Rebecca: There are so many things I am going to take away from my experience here, and since I am still here, I assume I will learn more.

I will never forget the Palestinian hospitality, or as the internationals here like to call it “hostage-tality”. Despite having so little, when Palestinians meet you it is not uncommon for them to invite you back to their house for tea or coffee.  And then tea and coffee turns into fruit or cake and then before you know it they are offering dinner and a placeto sleep. I hope to learn from their generosity and start practicing it more myself.

I know I already appreciate water 100 times more than I did back in Korea or the US. Thinking… do I take a shower? or wash my clothes? because there might not be enough water for both.
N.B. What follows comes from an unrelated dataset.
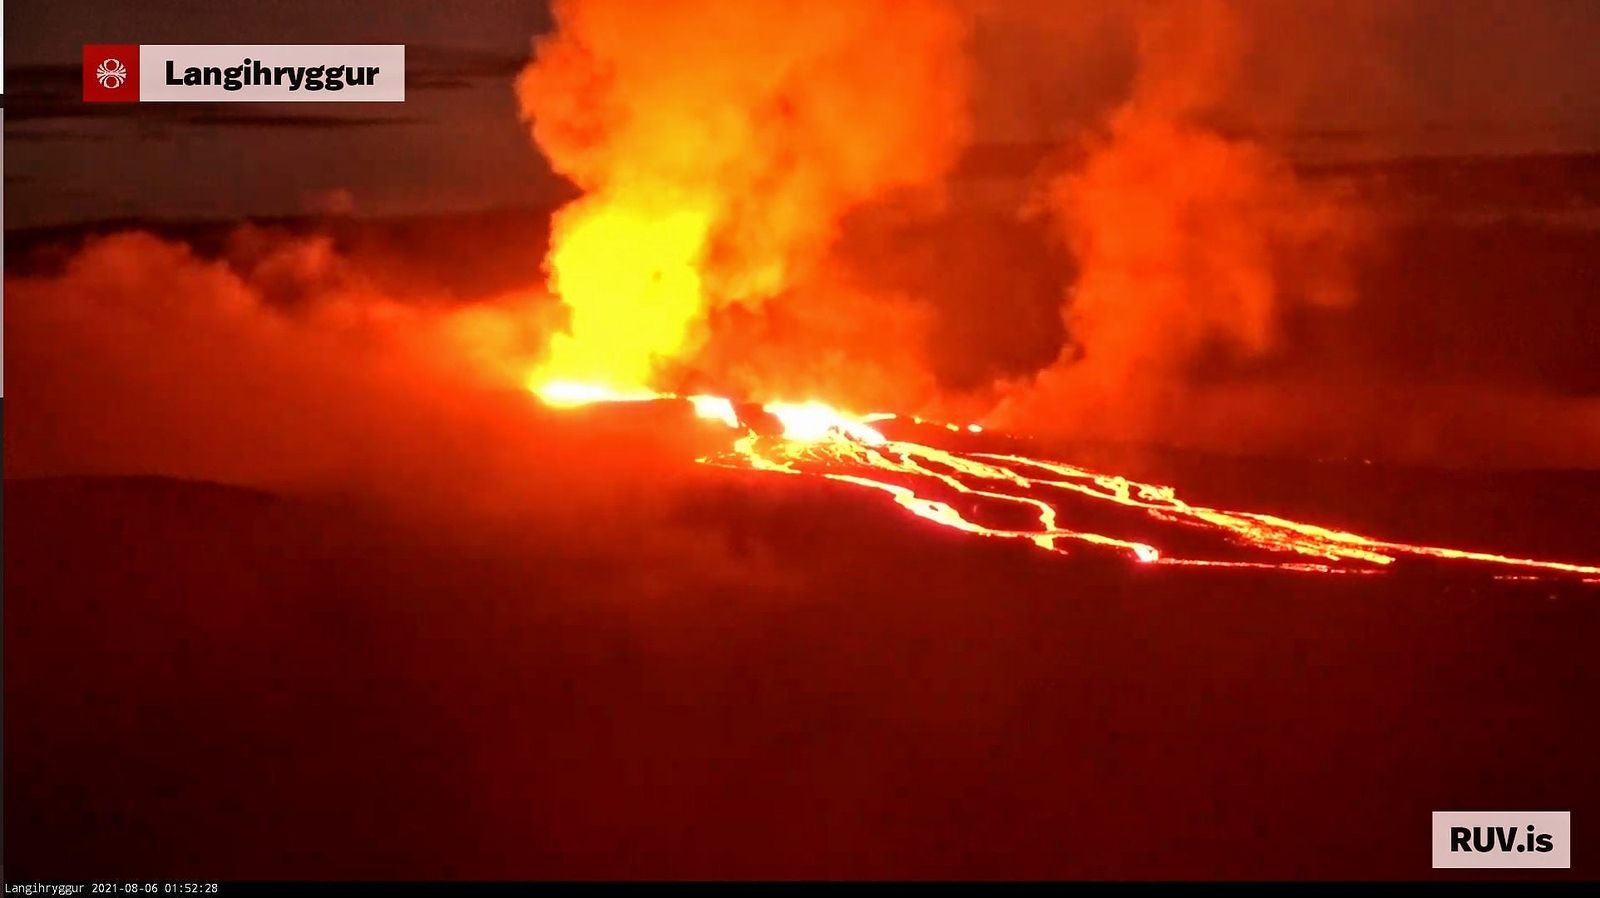 Fagradslasfjall - coulées du 06.08.2021 / 01h52 - webcam langihryggur NV / RUV - un clic pour agrandir
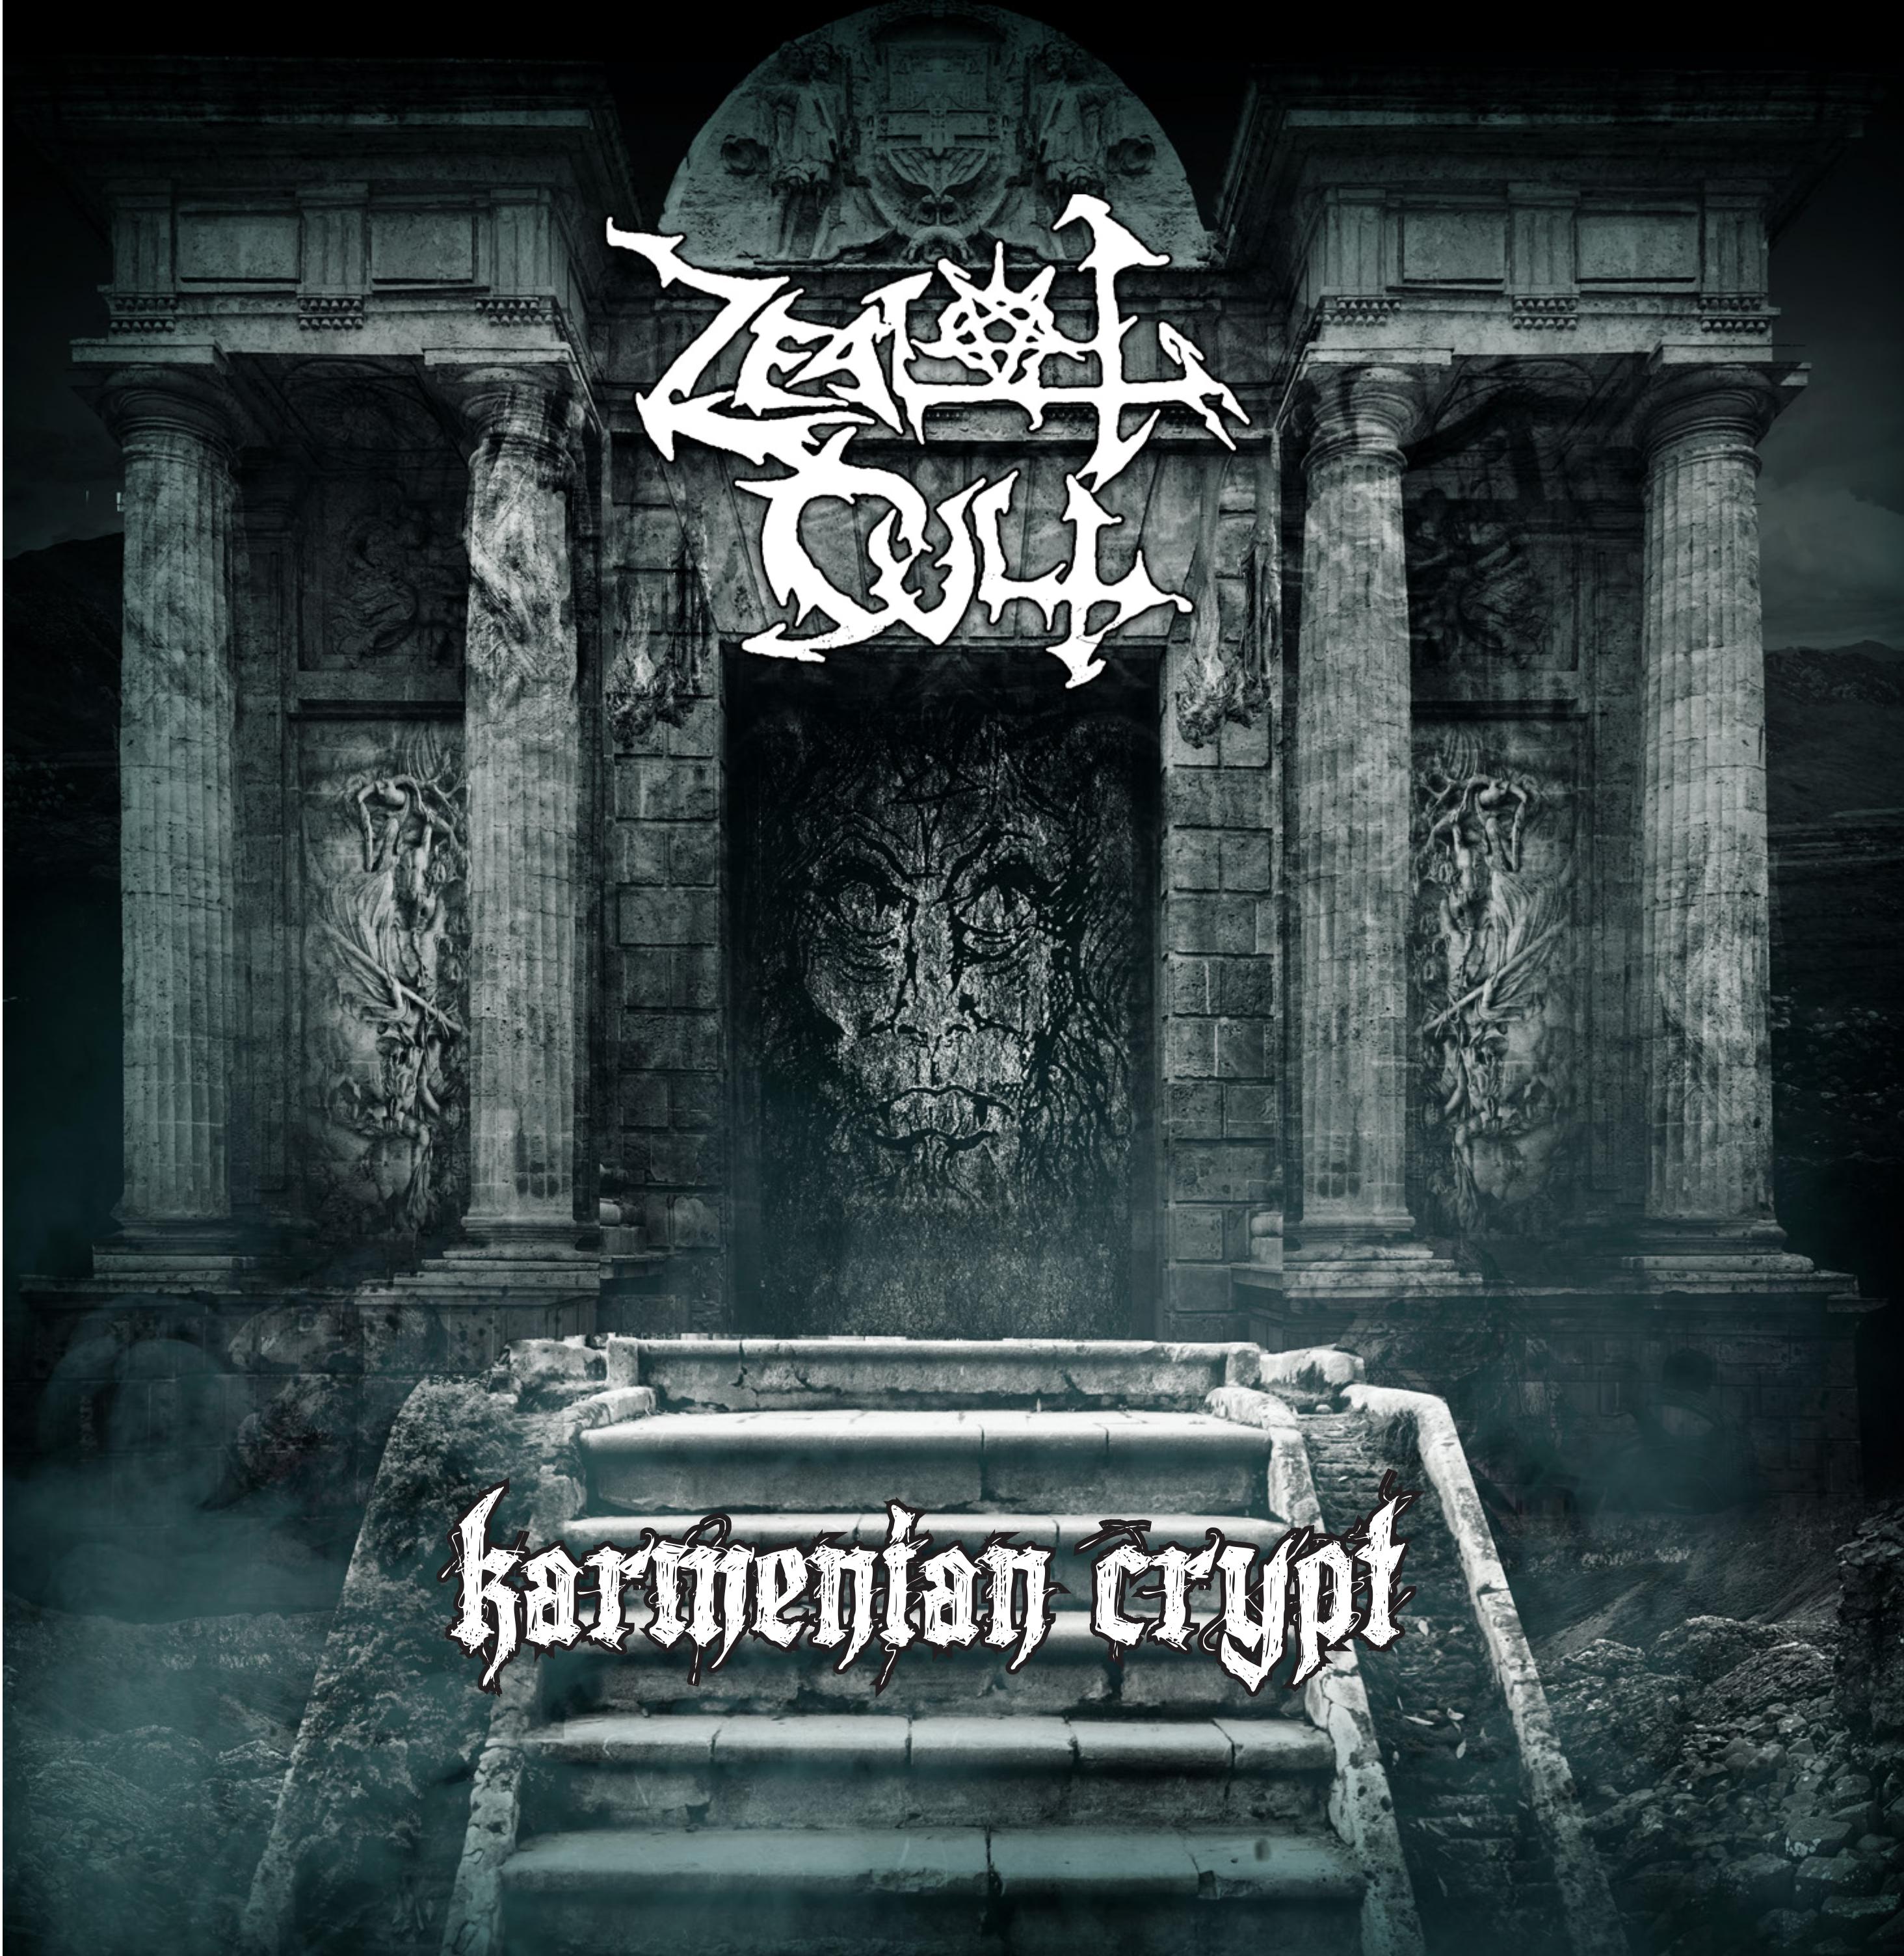 Zealot_Cult_-_Karmenian_Crypt_2016_01front

I know I will appreciate being able to hop into a car and drive down any road I please without having to stop and wait for some soldier to check my passport to see if it is ok or not to proceed.

I will undoubtedly take a way a greater sense and appreciation for all the rights that I have: access to education, health care, and water, the ability to move freely, the rights to assert myself as a women, the ability to criticize my government, to vote, to protest or make my voice heard, the security of a place to live, and more.

Michael: I don’t know yet.  Perhaps the importance of small things.  Even when peace and justice are out of reach, we should remember that these are just idealised concepts.  What really matters is making a bad situation a little less bad, to reduce injustice if we cannot eliminate it, to make things a little more bearable even for a small number of people in small ways.  This is what makes real differences in people’s lives, and the moral power of the effort is its own reward.